Were dinosaurs simply in the wrong place at the wrong time?

The death of the dinosaurs when a giant asteroid impacted the Earth around 66 millions years ago may have been a classic case of being in the wrong place at the wrong time, a study suggests.

When the asteroid struck, many dinosaur species were already teetering on the edge of extinction, hammered by global volcanic activity, temperature changes and sea level changes, the study authors say.

A reduction of dinosaur diversity among plant-eating dinosaurs that were prey for other dinosaurs weakened their food chain and made all species vulnerable.

If the asteroid had struck at a different time -- earlier or later by just a few million years -- they might have survived, says Steve Brusatte of Edinburgh University in Scotland, calling the timing of the impact "colossal bad luck."

"It was a perfect storm of events that occurred when dinosaurs were at their most vulnerable," he says.

The impact of a 6-mile-wide asteroid in what is now Mexico would have caused earthquakes, tsunamis, wildfires and environmental shifts.

All of those factors would have contributed to a collapse of the food chain and the extinction of one dinosaur species after another, researchers from the United Kingdom, the United States and Canada suggest in their study published in Biological Reviews.

They might have survived if the asteroid impact had come earlier, when dinosaur species were more diverse and the food chain more robust, or if it had come later when new, more adaptable species might have evolved, they say.

"Not only did a giant asteroid strike, but it happened at the worst possible time, when their ecosystems were vulnerable," Brusatte says.

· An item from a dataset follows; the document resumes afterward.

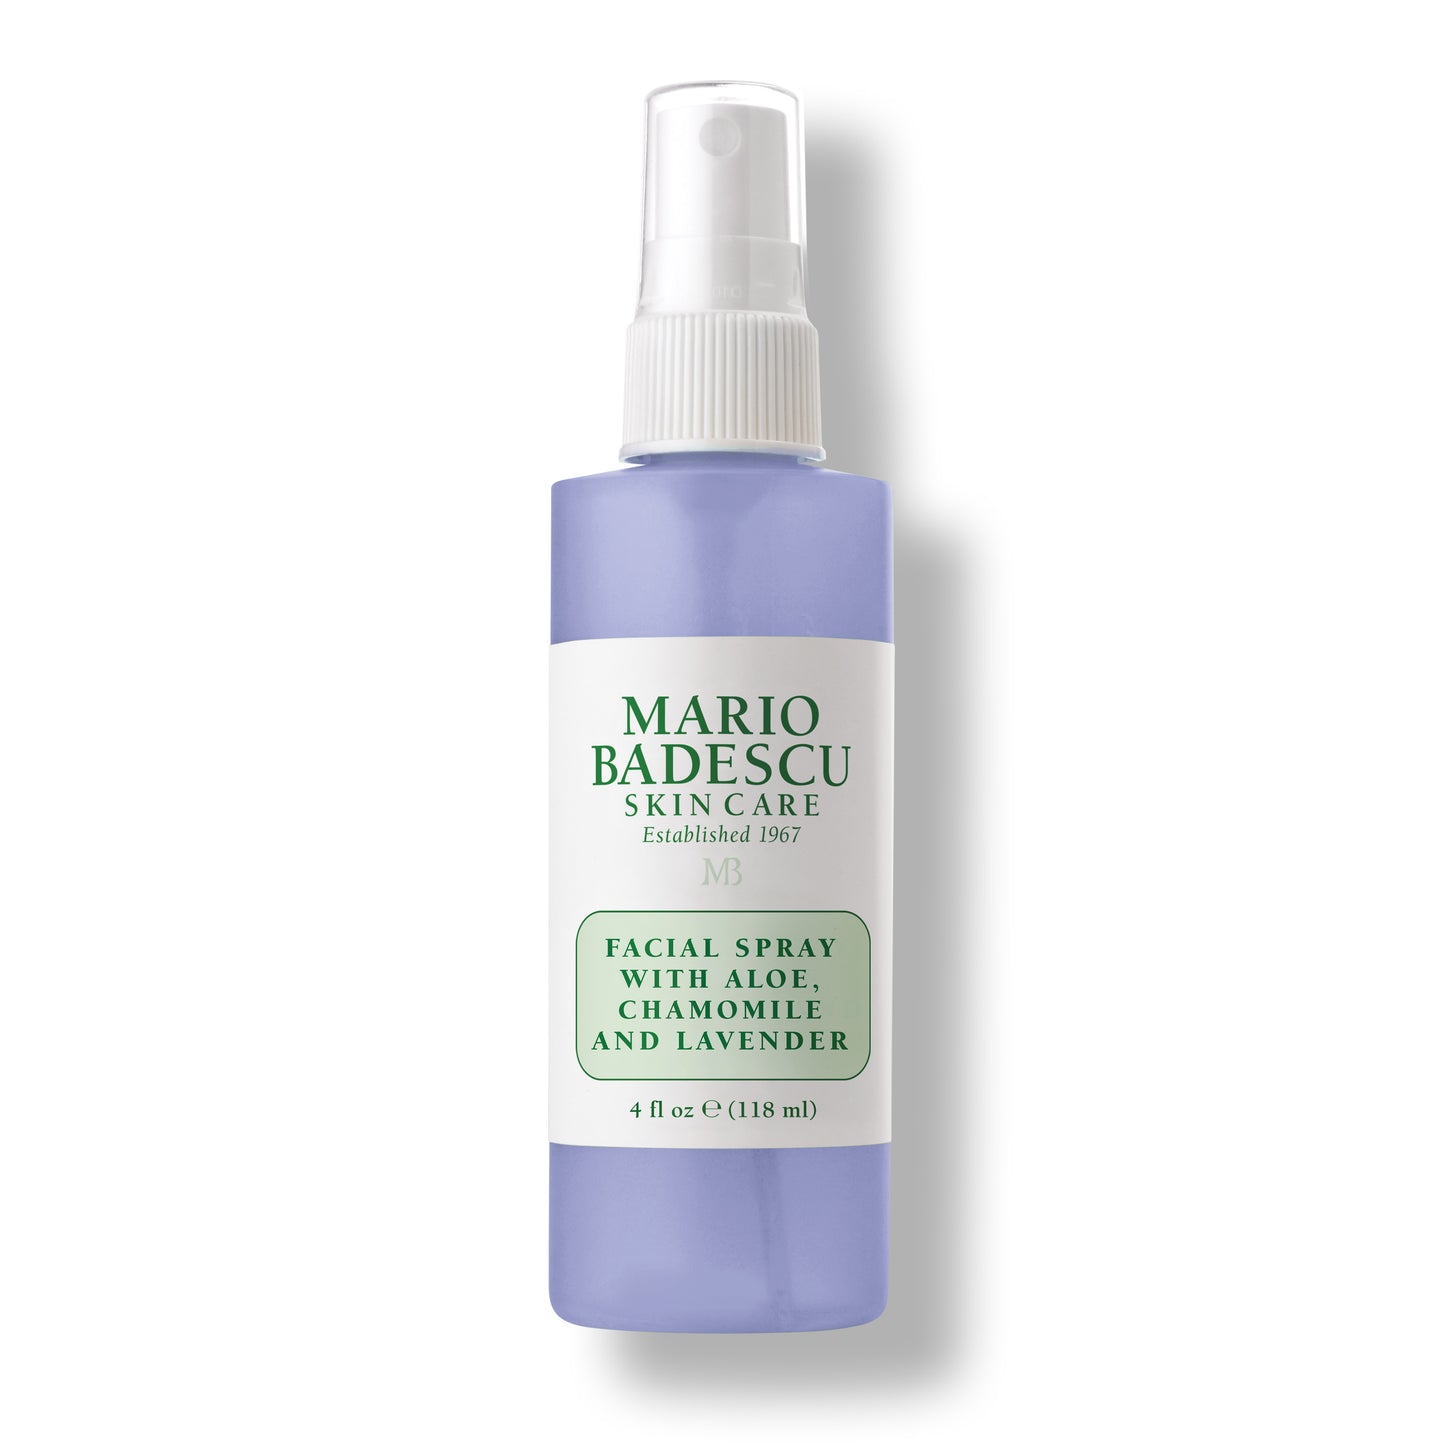 Facial Spray With Aloe, Chamomile and Lavender

The researchers based their conclusions on hundreds of dinosaur fossils gathered over the last decade that yielded a clear picture of changes in their diversity around the time of the asteroid impact.

Although the evidence shows a drop in the diversity of dinosaurs prior to the impact, such changes had occurred before without resulting in global extinctions, Richard Butler of the University of Birmingham in Britain points out.

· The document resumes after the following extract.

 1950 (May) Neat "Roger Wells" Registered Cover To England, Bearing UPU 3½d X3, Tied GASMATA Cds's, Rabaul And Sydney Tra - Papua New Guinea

"Although our research suggests that dinosaur communities were particularly vulnerable at the time the asteroid hit, there is nothing to suggest that dinosaurs were doomed to extinction," he says.

The asteroid, which did in fact seal their doom, had a part in creating the modern world, he notes, as mammals only began to widely populate the world after the dinosaurs had exited the picture.

"Without that asteroid, the dinosaurs would probably still be here, and we very probably would not."